Clarence darrow and poetry in argument

Clarence darrow and poetry in argument

Clarence Darrow was comfortable using poetry in his arguments. He, like most other lawyers of that period, could quote literature, scripture and poetry as part of their trial skills. On July 21, 1924, the case of The People against Nathan Leopold, Jr., and Richard Loeb was heard in Detroit. Here’s one of the poems Darrow quoted in theirdefense by A.E. Housman (1859-1936) from A Shropshire Lad:

"Now hollow fires burn out to black,
And lights are guttering low:
Square your shoulders, lift your pack
And leave your friends and go.
O never fear, lads, naught’s to dread,
Look not to left nor right:
In all the endless road you tread
There’s nothing but the night."

When he argued in his own defense in his Los Angeles jury bribery case he was eloquent and, once again quoted poetry. Here is an excerpt from that argument:

"There are people who would destroy me. There are people who would lift up their hands to crush me down. I have enemies powerful and strong. There are honest men who misunderstand me and doubt me, and still I have lived a long time on earth, and I have friends–I have friends in my old home who have gathered around to tell you as best they could of the life I have lived. I have friends who have come to me here to help me in my sore distress. I have friends throughout the length and breadth of the land, and these are the poor and the weak and the helpless, to whose cause I have given voice. If you should convict me, there will be people to applaud the act. But if in your judgment and your wisdom and your humanity, you believe me innocent, and return a verdict of not guilty in this case, I know that from thousands and tens of thousands and yea, perhaps of the weak and the poor and the helpless throughout the world, will come thanks to this jury for saving my liberty and my name.

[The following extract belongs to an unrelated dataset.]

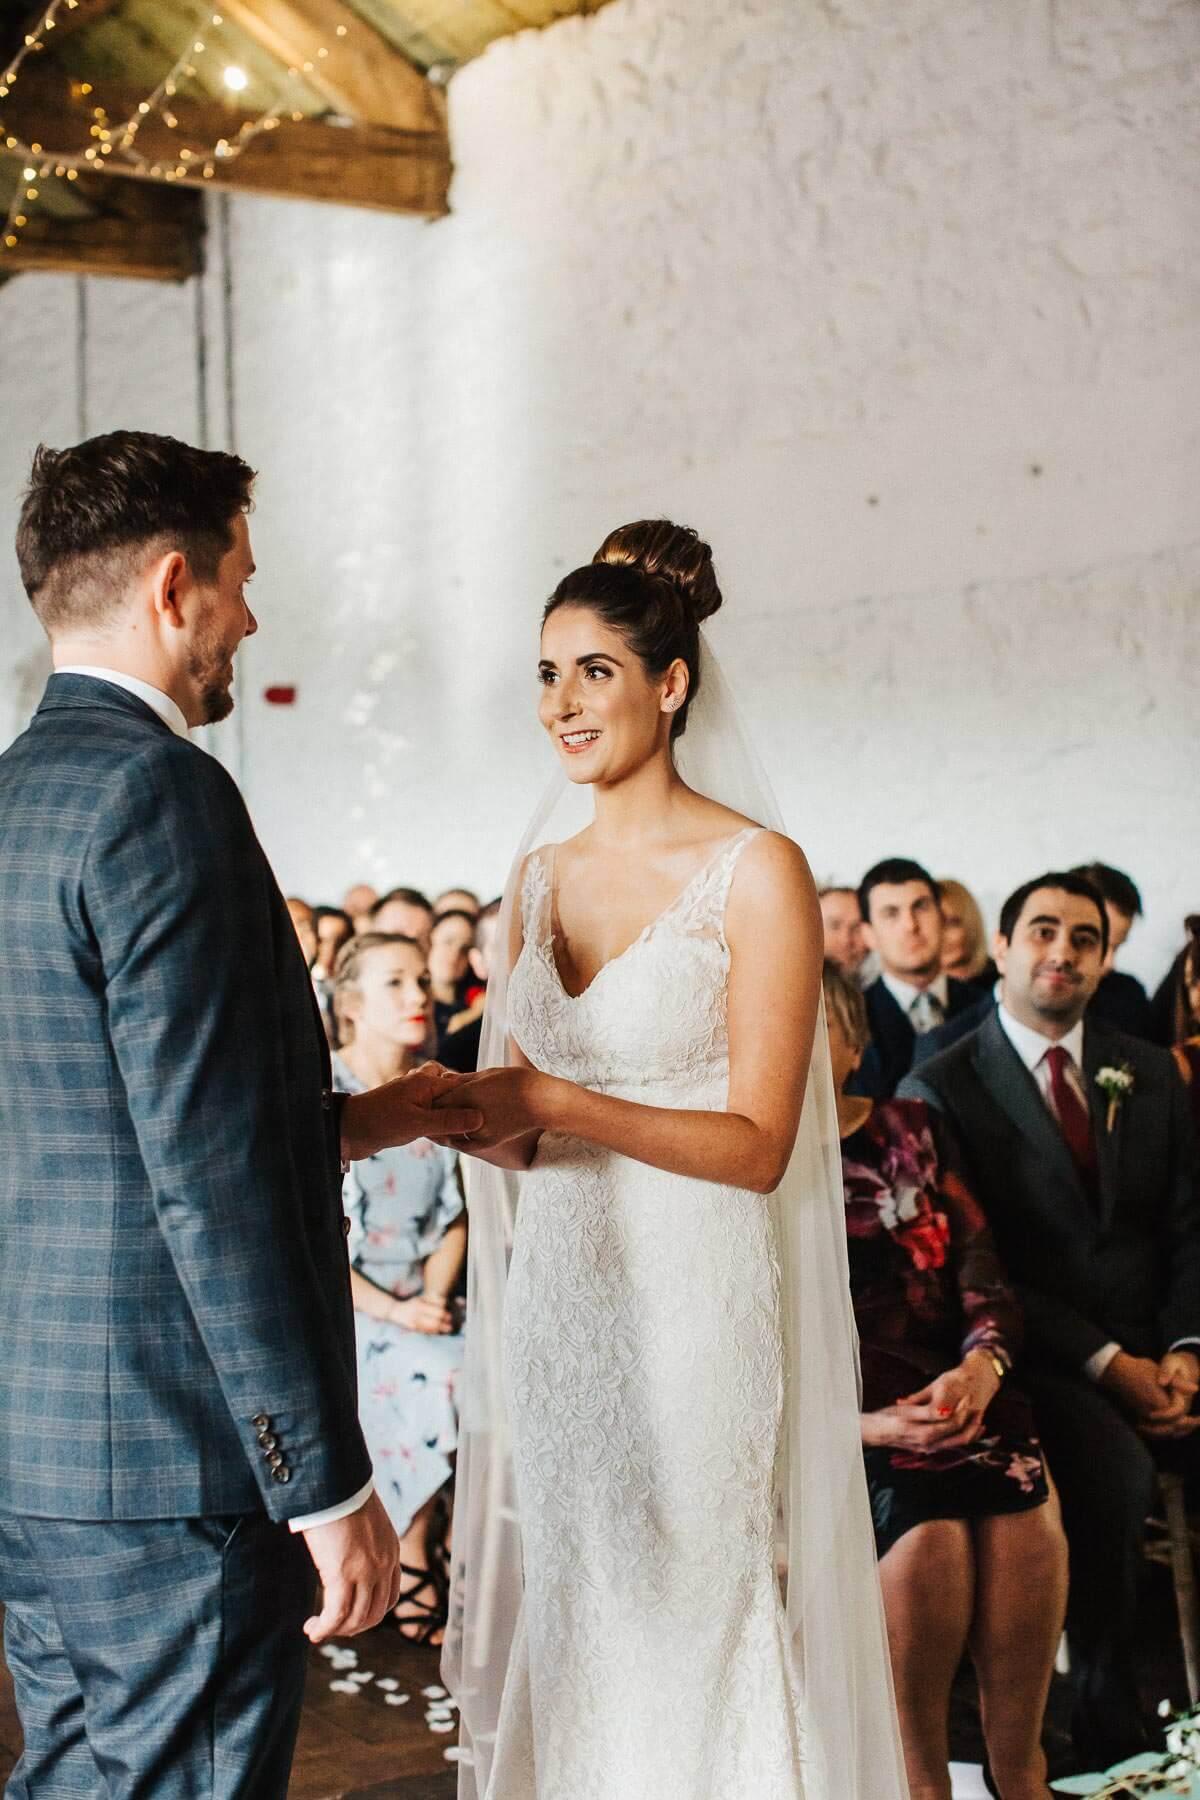 Elegant bride wearing lace dress
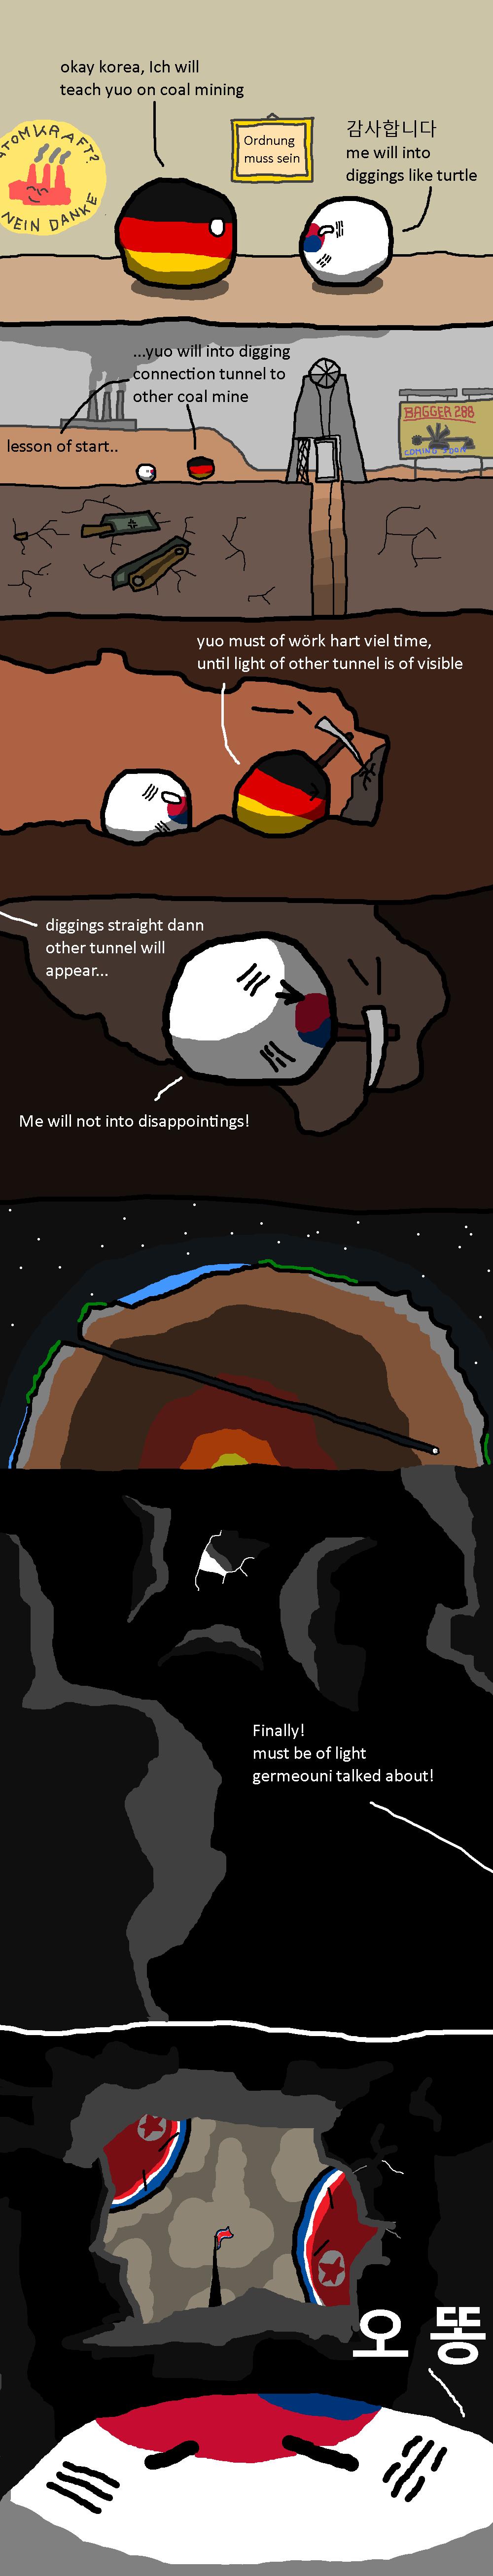 Coal mining lesson

Life is a game of whist. From unknown sources The cards are shuffled and the hands are dealt. Blind are our efforts to control the forces That though unseen are no less strongly felt I do not like the way the cards are shuffled, But still I like the game and want to play And through the long, long night, I play unruffled The cards I get until the break of day.

I’ve always loved poetry and there have been few trials where poetry was not used by me. One of my favorite is the poem by James W. Foley, which I used in my last trial. Part of it reads:

Drop a pebble in the water: just a splash, and it is gone;
But there’s half-a-hundred ripples circling on and on and on,
Spreading, spreading from the center, flowing on out to the sea.
And there is no way of telling where the end is going to be.

Drop a pebble in the water: in a minute you forget,
But there’s little waves a-flowing, and there’s ripples circling yet,
And those little waves a-flowing to a great big wave have grown;
You’ve disturbed a mighty river just by dropping in a stone.